Croatian striker Davor Šuker, who also played for Yugoslavia before independence, after the 1998 Bronze Medal achievement

Lately on social media, captain Luka Modrić’s story as a child raised as a war-refugee emerged and added the tragic element to the team’s efforts for glory in the competition. As a nephew to a brutally executed Croatian, and son to a war rebel, he drew the attention of other Balkanic countries who connect historically and politically to what he endured as a child.

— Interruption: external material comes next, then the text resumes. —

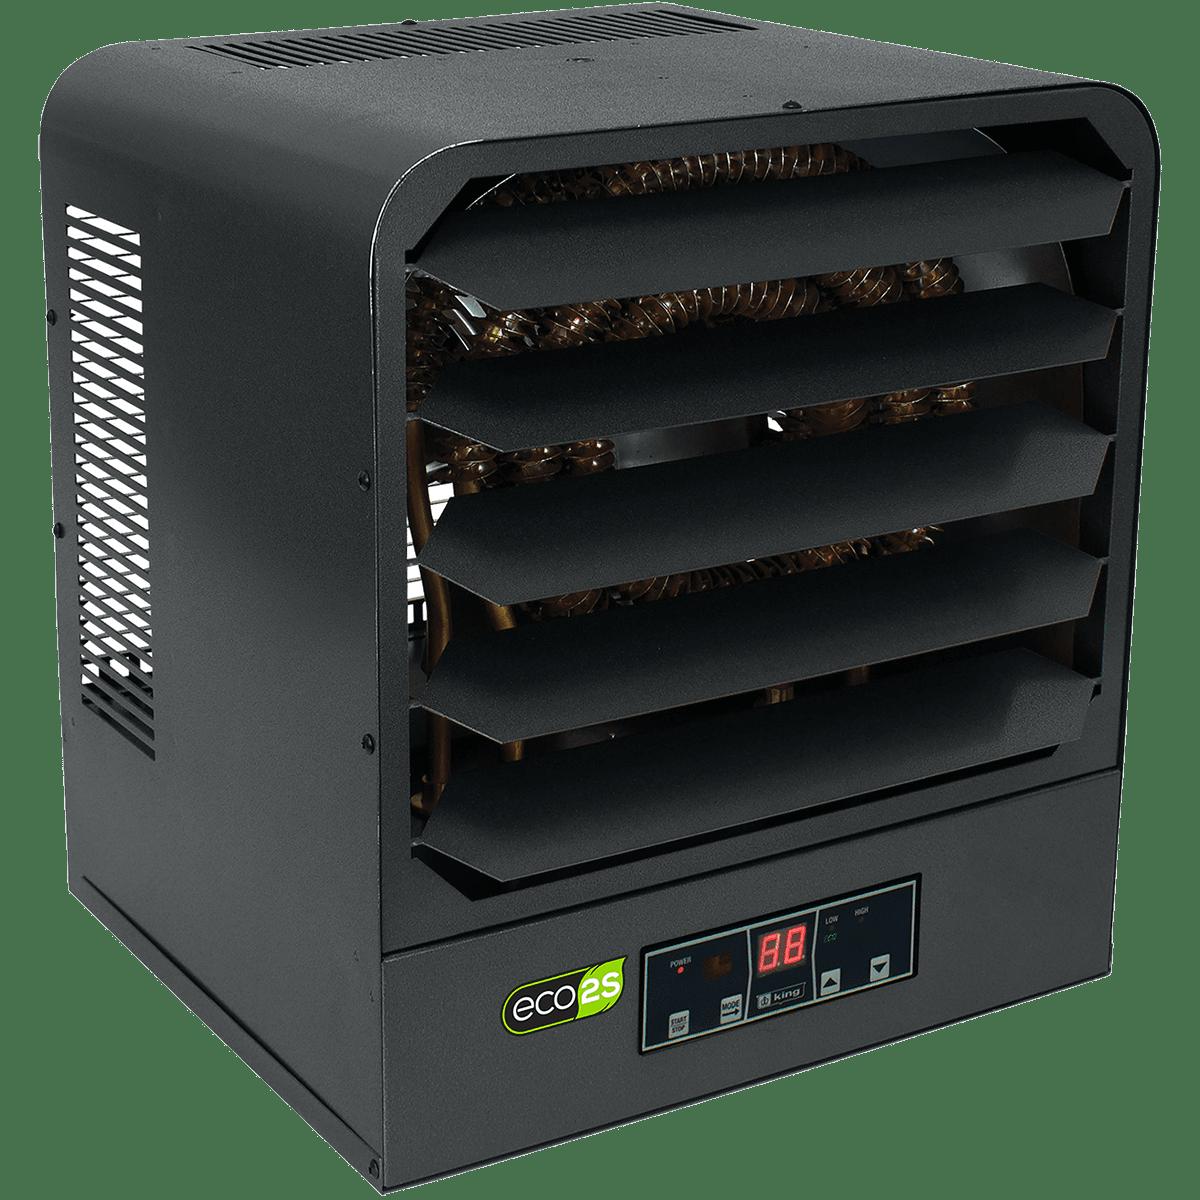 King Electric KB ECO2S Series 5000W Garage Heater Model: KB2405-1-B2-ECO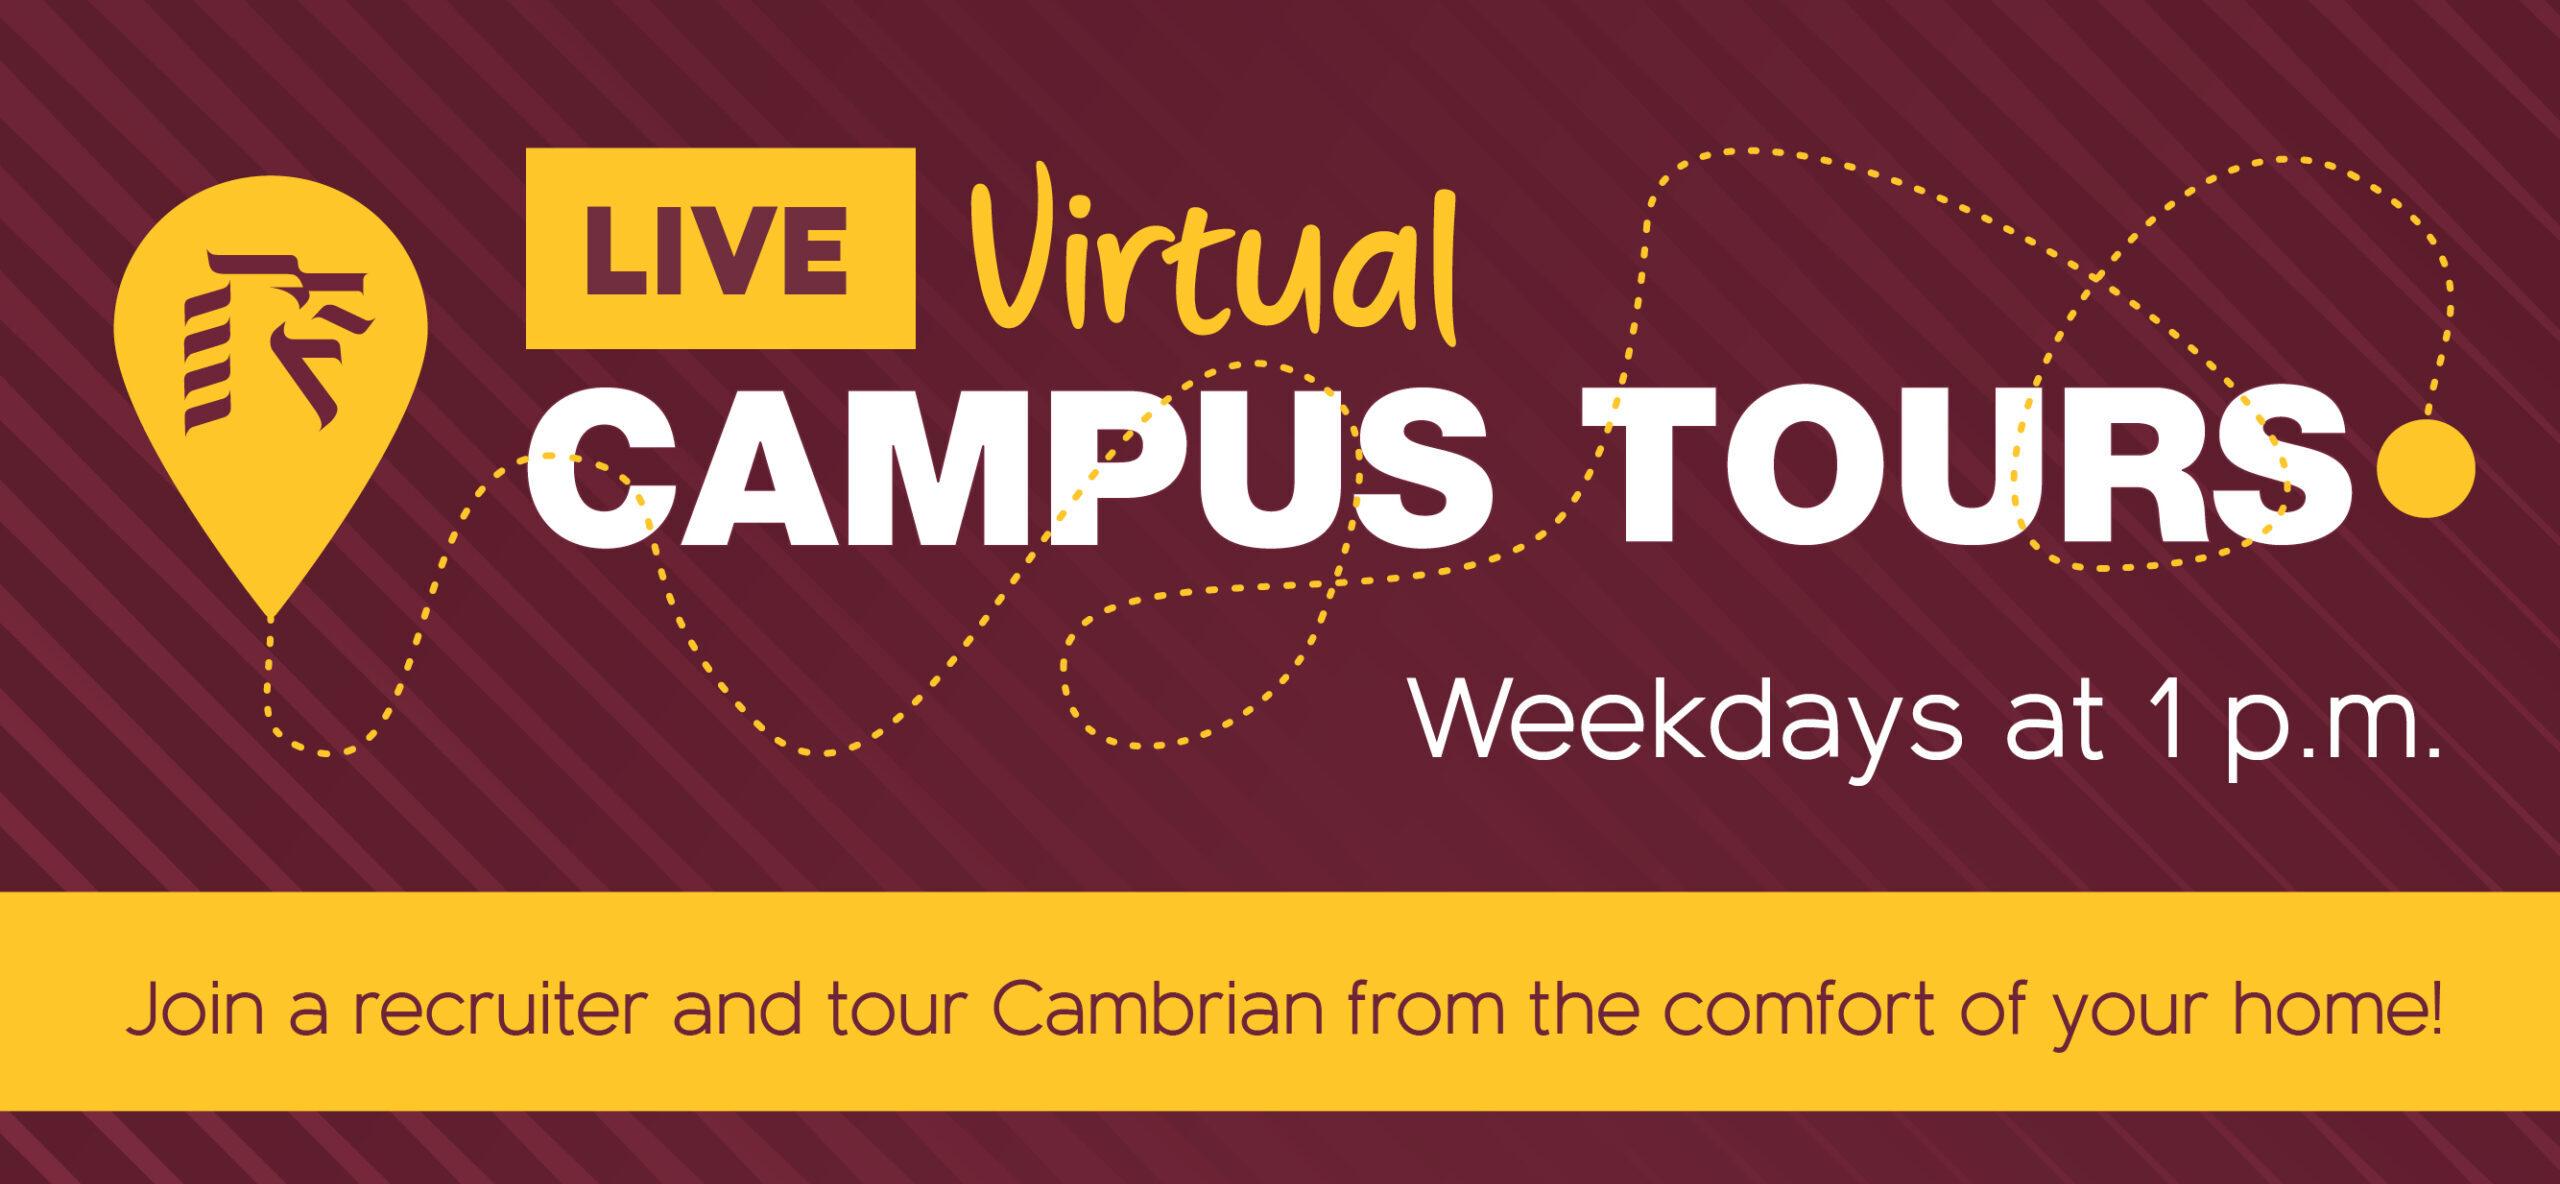 Book a Virtual Campus Tour at Cambrian College

Many have shown their support to the team not only because of the Ballon d’Or prospect’s story, but because Croatia is the first Balkanic nation to make it to a World Cup final. In the eyes of these previously war-torn countries, they are a team fueled by hope, and are fearless when faced with hardship. Often called ‘heroes’ and ‘fighters’, the team has played the most minutes than any other team in this World Cup, due to forced draws. I, myself was wrong to undermine them when they had to face a greatly inspired England in the semifinals, as they not only came back from a 0:1 deficit, but were able to score in extra time.

For them to lift the trophy in this World Cup would also mean political victory in Russia, a country that has always sided with Yugoslavian control by Serbia over Croatia and the other four nations. With the recent developments, that should give Americans a team to root for in this Final.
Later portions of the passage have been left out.